# Electrical Plugs



## Dale Eldridge (Jul 26, 2015)

Are the electrical plugs in the roomettes two prong or three prong?


----------



## J-1 3235 (Jul 26, 2015)

Three prong....


----------



## PVD (Jul 26, 2015)

Because the receptacle is a single, and in most cars is recessed slightly it is usually a good idea to carry a plug strip with a cord. I try and get one that is long enough so I can rest the strip between the tray table and the window, other folks have different thoughts. In todays world, with cell phones, tablets, e-readers, and laptops being commonplace, one receptacle rarely cuts it.


----------



## GG-1 (Jul 26, 2015)

Aloha I carry these http://www.herringtoncatalog.com/products/pass-thru-liberator-cords-set-of-5plus use them in all sorts of other uses beside the train.

btw: this was the first site in the list that carries them, there may be cheaper places.

Aloha


----------



## BCL (Jul 26, 2015)

If you can deal with lower current, a laptop plus the USB ports on the laptop can charge a bunch of devices, since the large majority of devices come with USB cords.


----------



## TinCan782 (Jul 26, 2015)

GG-1 said:


> Aloha I carry these http://www.herringtoncatalog.com/products/pass-thru-liberator-cords-set-of-5plus use them in all sorts of other uses beside the train.
> 
> btw: this was the first site in the list that carries them, there may be cheaper places.
> 
> Aloha


I could see even one of those being useful to allow multiple use of an outlet.


----------



## acelafan (Jul 26, 2015)

I usually carry a 3-outlet tap (with wide spacing between the outlets, Dollar General usually has them), a regular extension cord that has 3 outlets on the receptacle end, and a 3-prong adapter.
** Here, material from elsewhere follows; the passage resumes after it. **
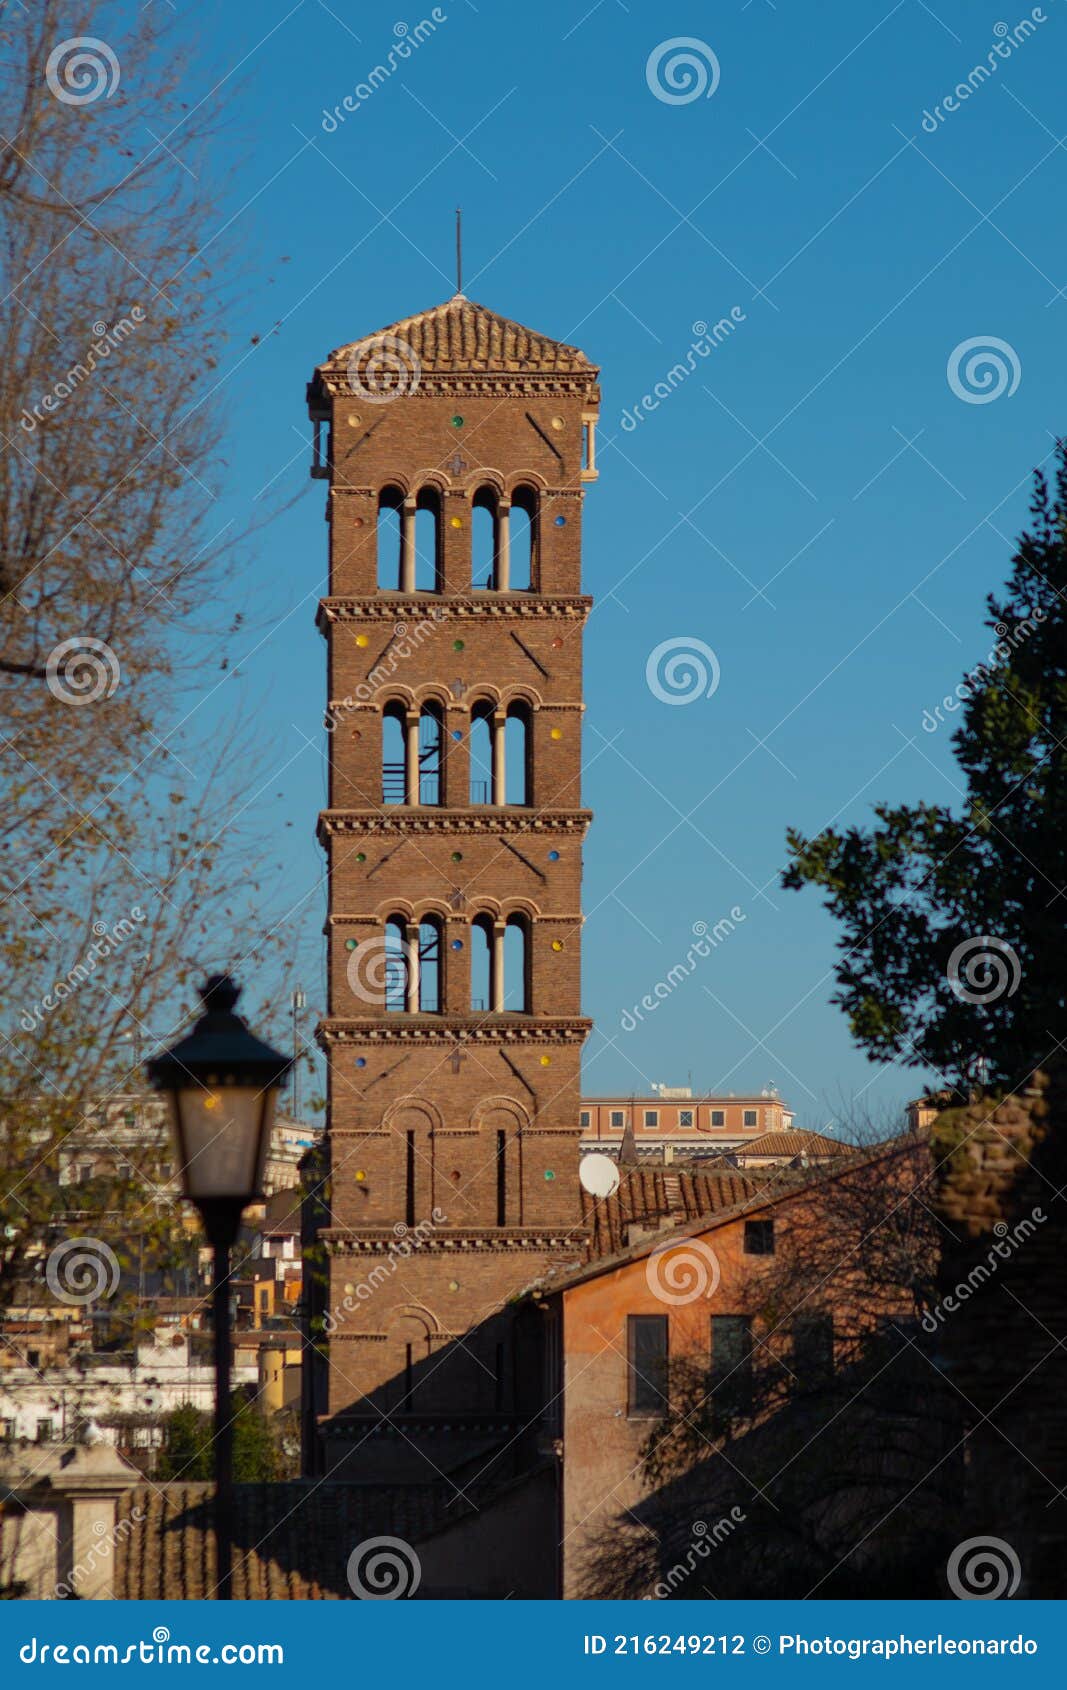 details of the basilica de santa francesca romana, rome, italy

I usually end up using a combination of such things at some point during my trip, in the roomette, coach, or station waiting area. Sometimes it's to share an outlet another person has completely occupied with their charger.


----------



## Lonestar648 (Aug 21, 2015)

I always use a surge protector incase there are any spikes powering up/down during thee trip. My surge protector strip has extra space on the last two plug ins to accommodate the larger transformers. I put mine under the window or on the arm rest pushed back against the wall. Note: since the one outlet is slightly recessed, 90 degree plugs do not seat well.


----------



## jimsinsky (Aug 31, 2015)

Being recessed, many transformers don't fit. Also, I found duct tape is handy because many plugs are very loose and plug doesn't stay in.


----------



## GG-1 (Aug 31, 2015)

jimsinsky said:


> Being recessed, many transformers don't fit. Also, I found duct tape is handy because many plugs are very loose and plug doesn't stay in.


Aloha

If the plug is loose in the socket there is a danger of heating that if severe enough can caus a fire.


----------



## iggy (Sep 6, 2015)

Fire mentioned - but every time I see these threads - no one seems to be concerned about overloading outlet with to may devices - which in itself could lead to a fire. I've yet to see a need for duct tape to be used to keep something plugged in properly.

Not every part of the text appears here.